_Problem requirements_. Please check every line of the listing for "Saturday" and copy each line where it is found.
━━━
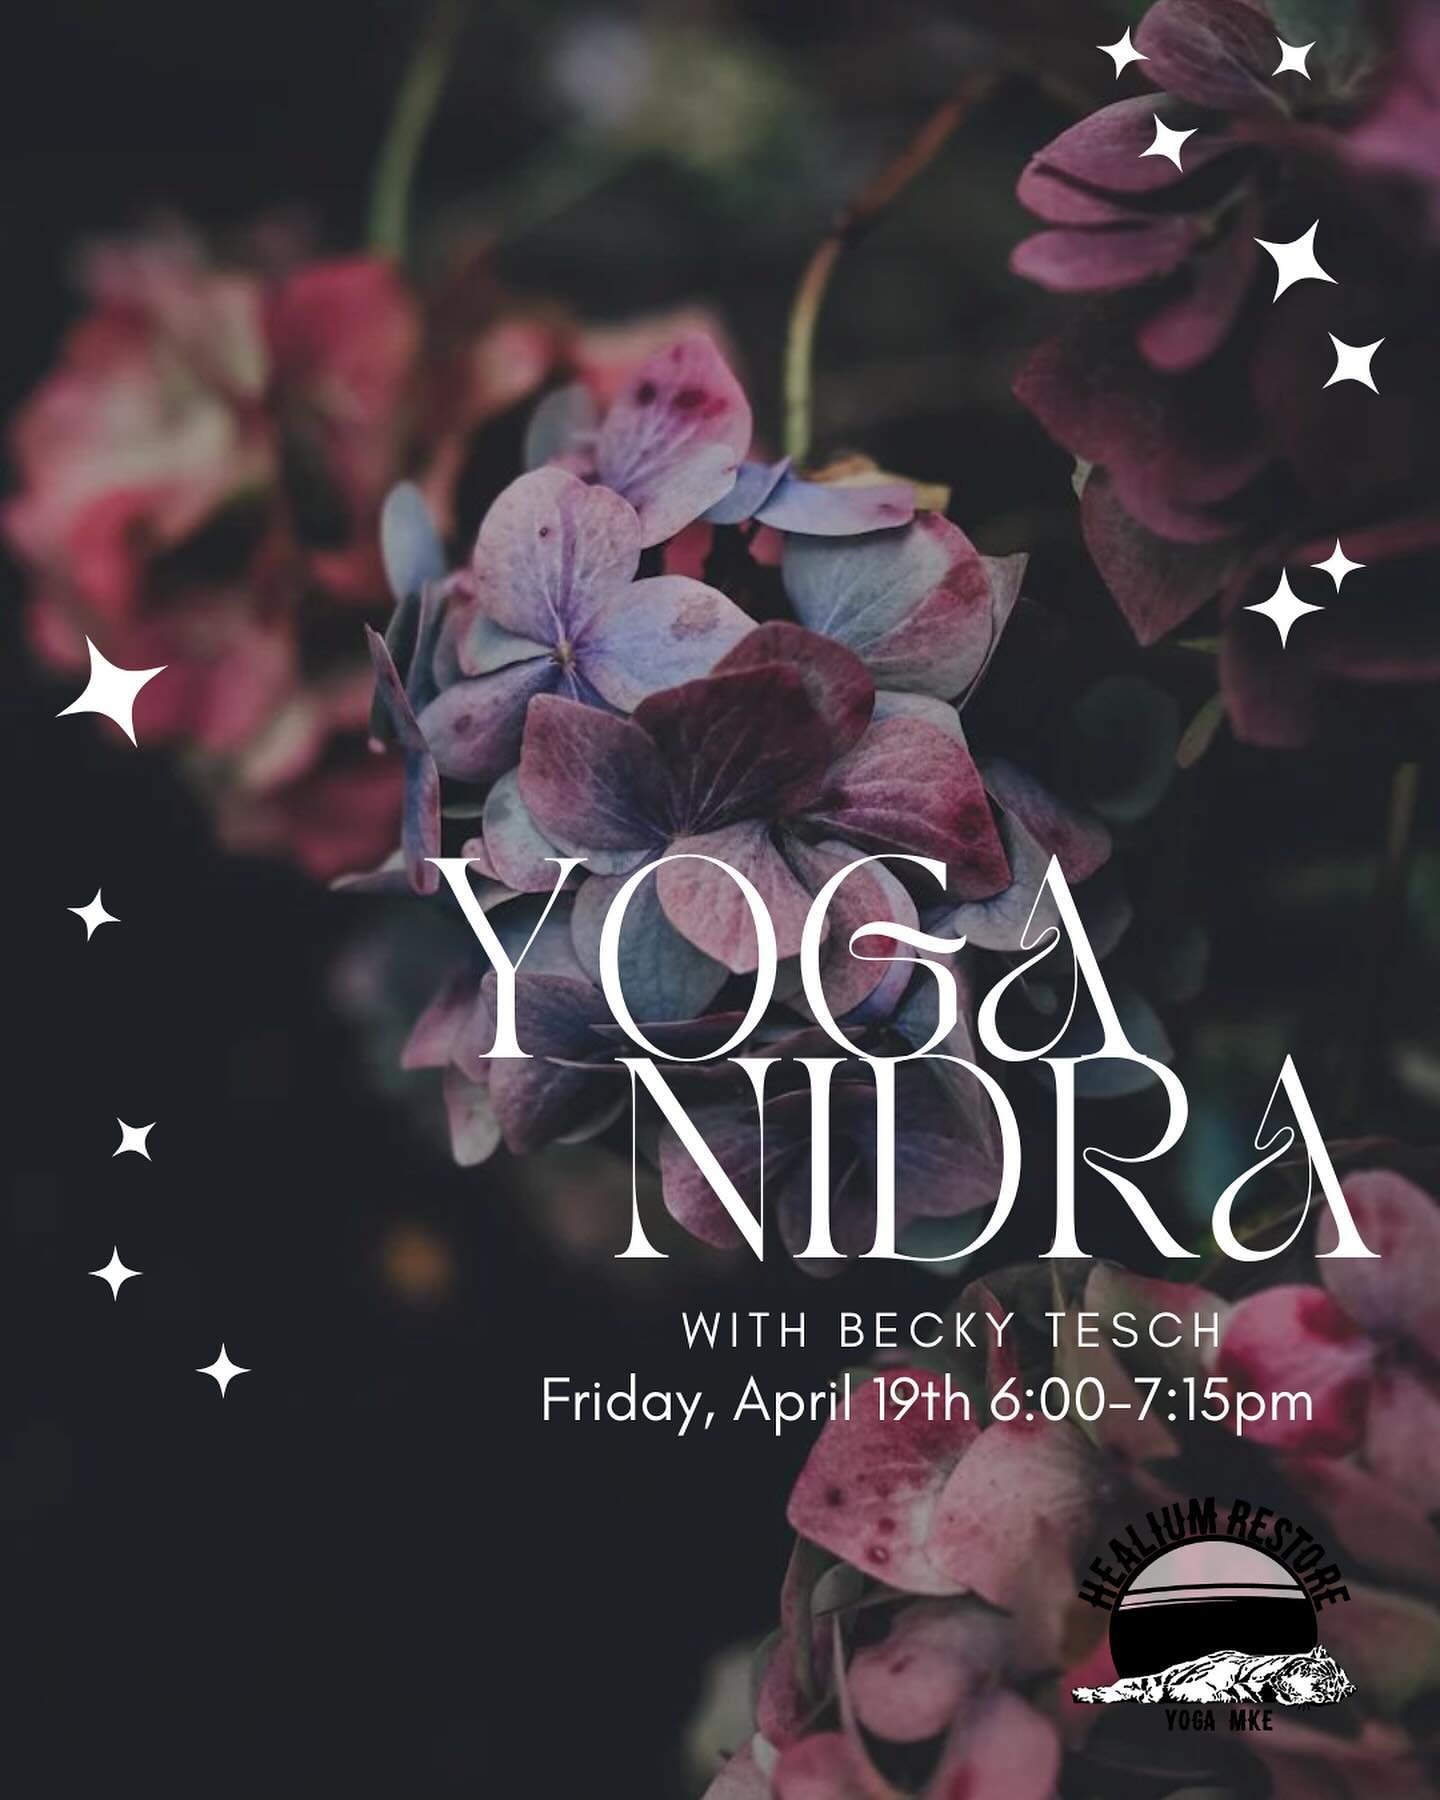 on the agenda this weekend:

🌷Friday 4/19 6-7:15pm Yoga Nidra w/ Becky 
🌷Saturday 4/20 100-11am Karma Class w/ Whitney 
🌷Saturday 4/20 6-8pm Earth Day Libra Full Moon Circle w/ Heather B.
🌷Sunday 4/21 8:30-9:30am Movement &amp; Meditation w/ Beth
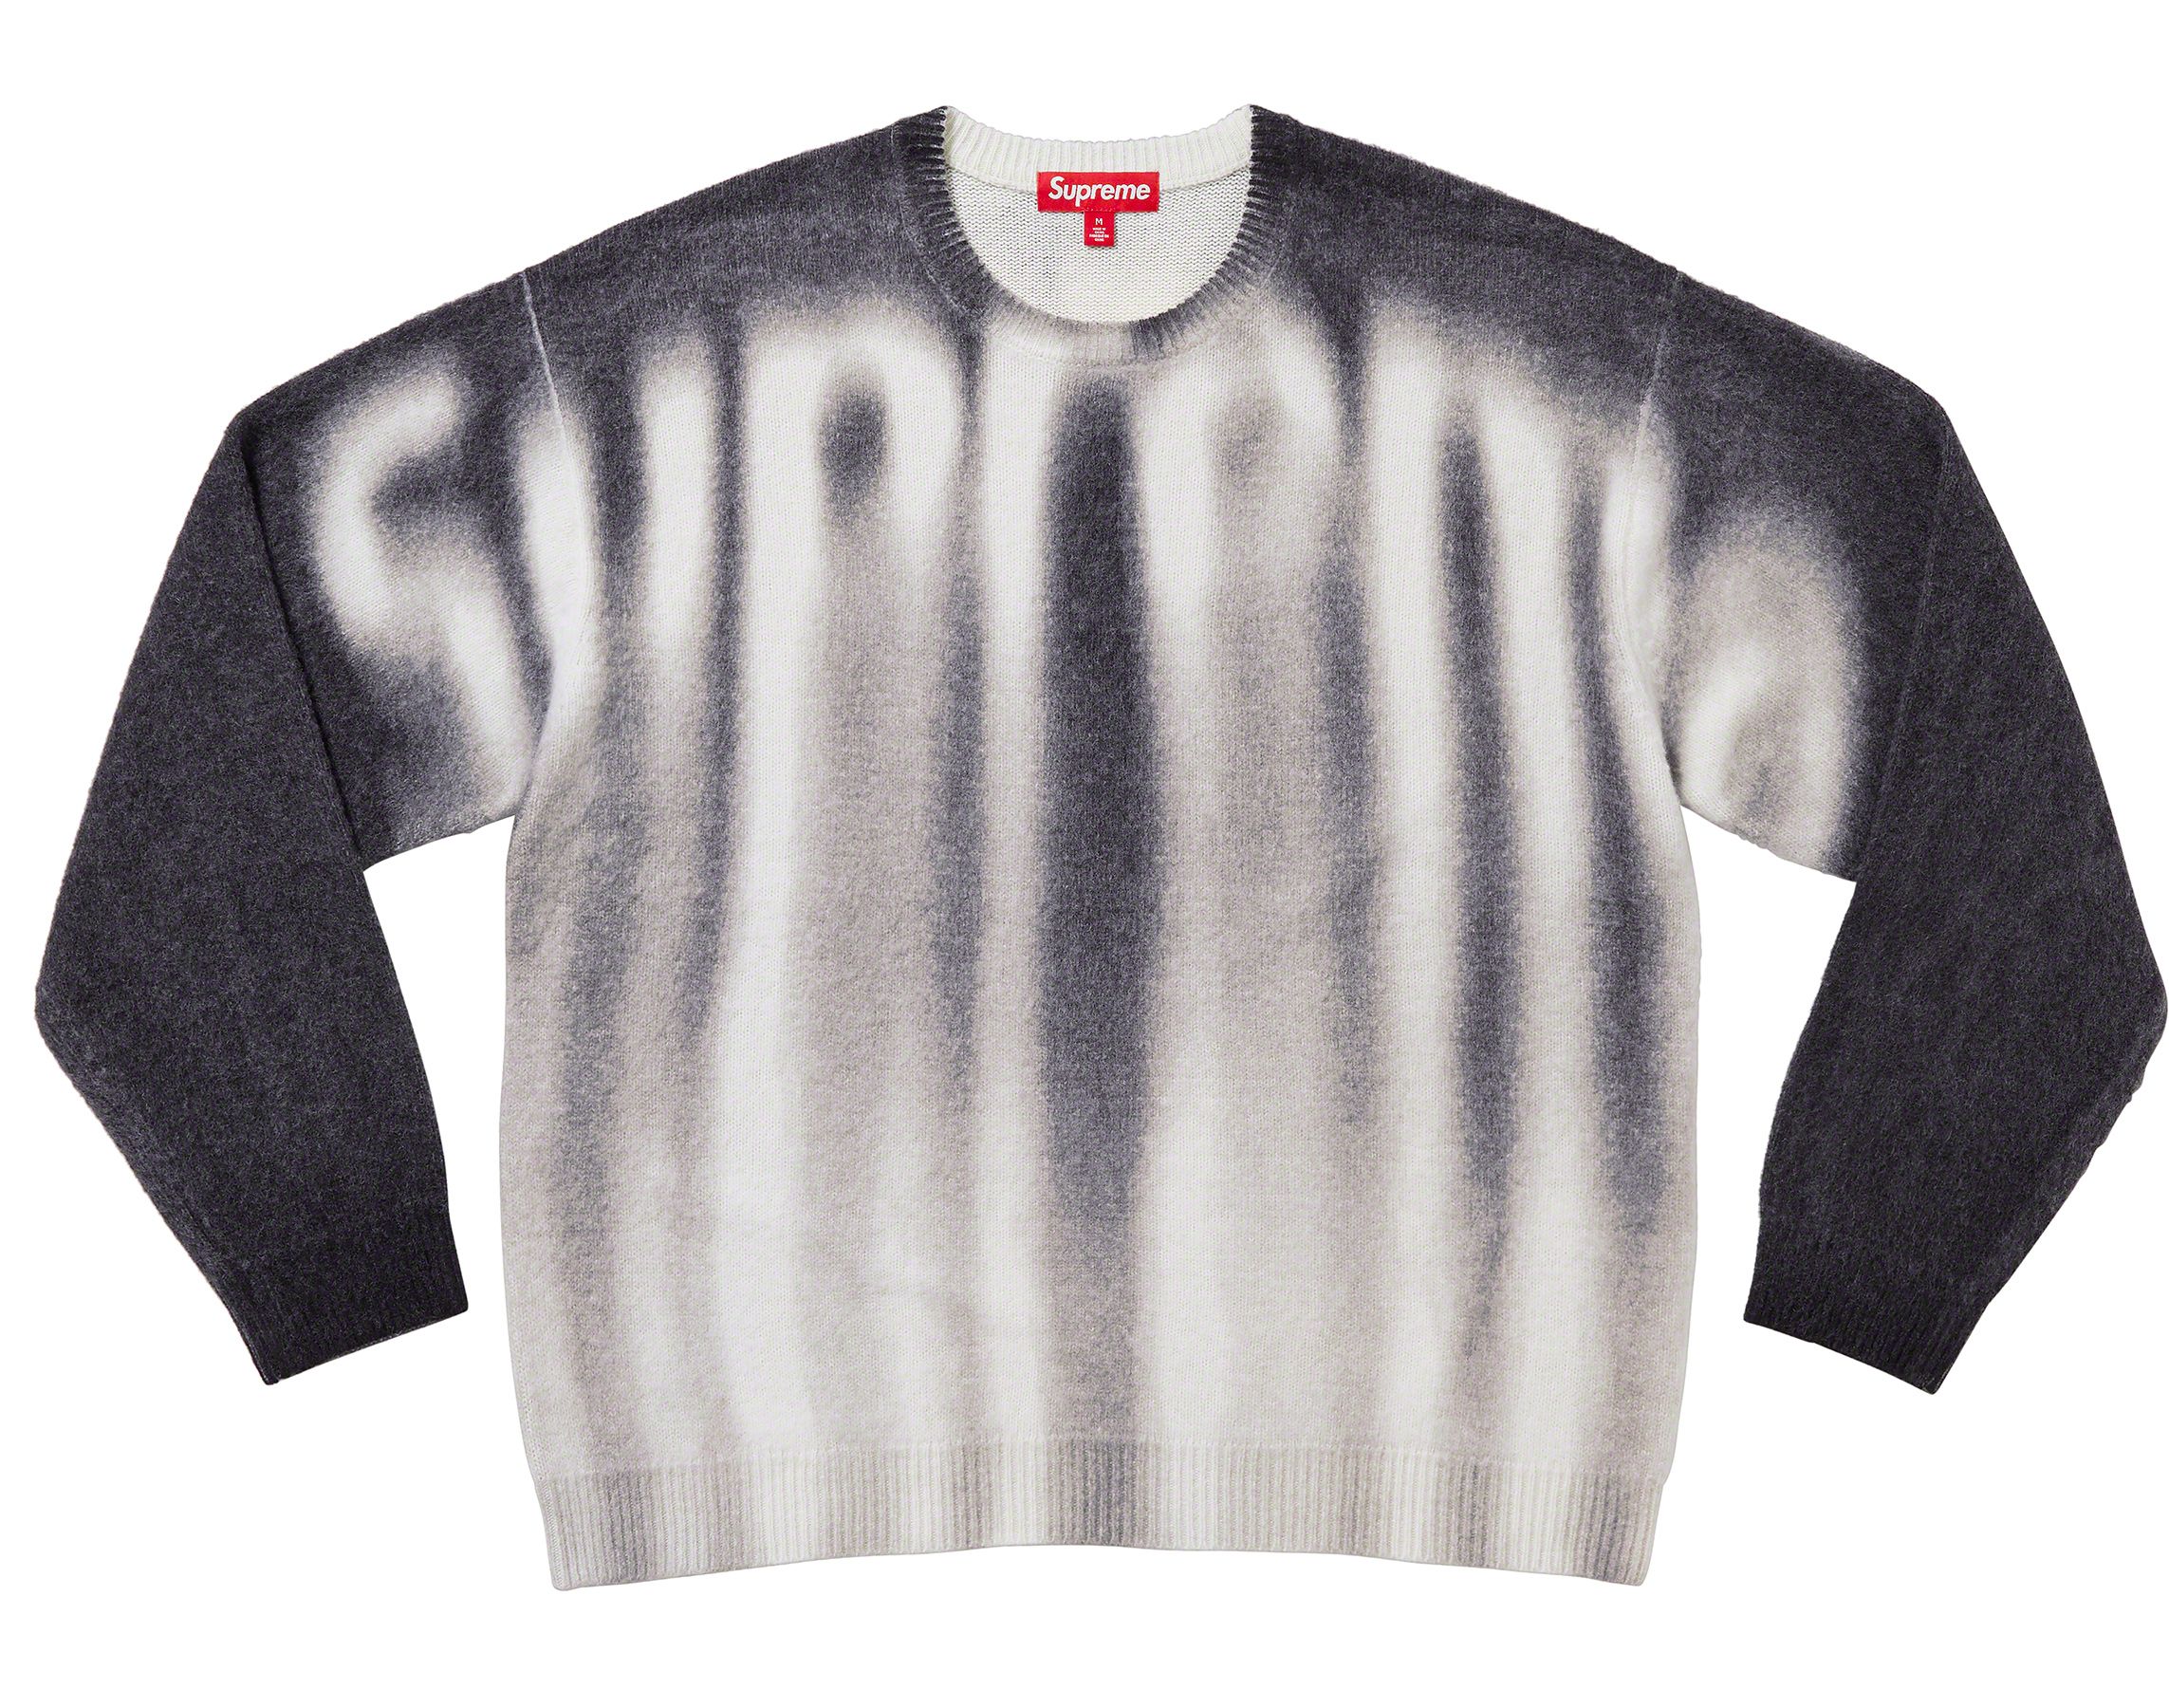 supreme Blurred Logo sweater 早い者勝ち❗️オンライン購入の為
━━━
_Answer to the exercise_.
🌷Saturday 4/20 100-11am Karma Class w/ Whitney 
🌷Saturday 4/20 6-8pm Earth Day Libra Full Moon Circle w/ Heather B.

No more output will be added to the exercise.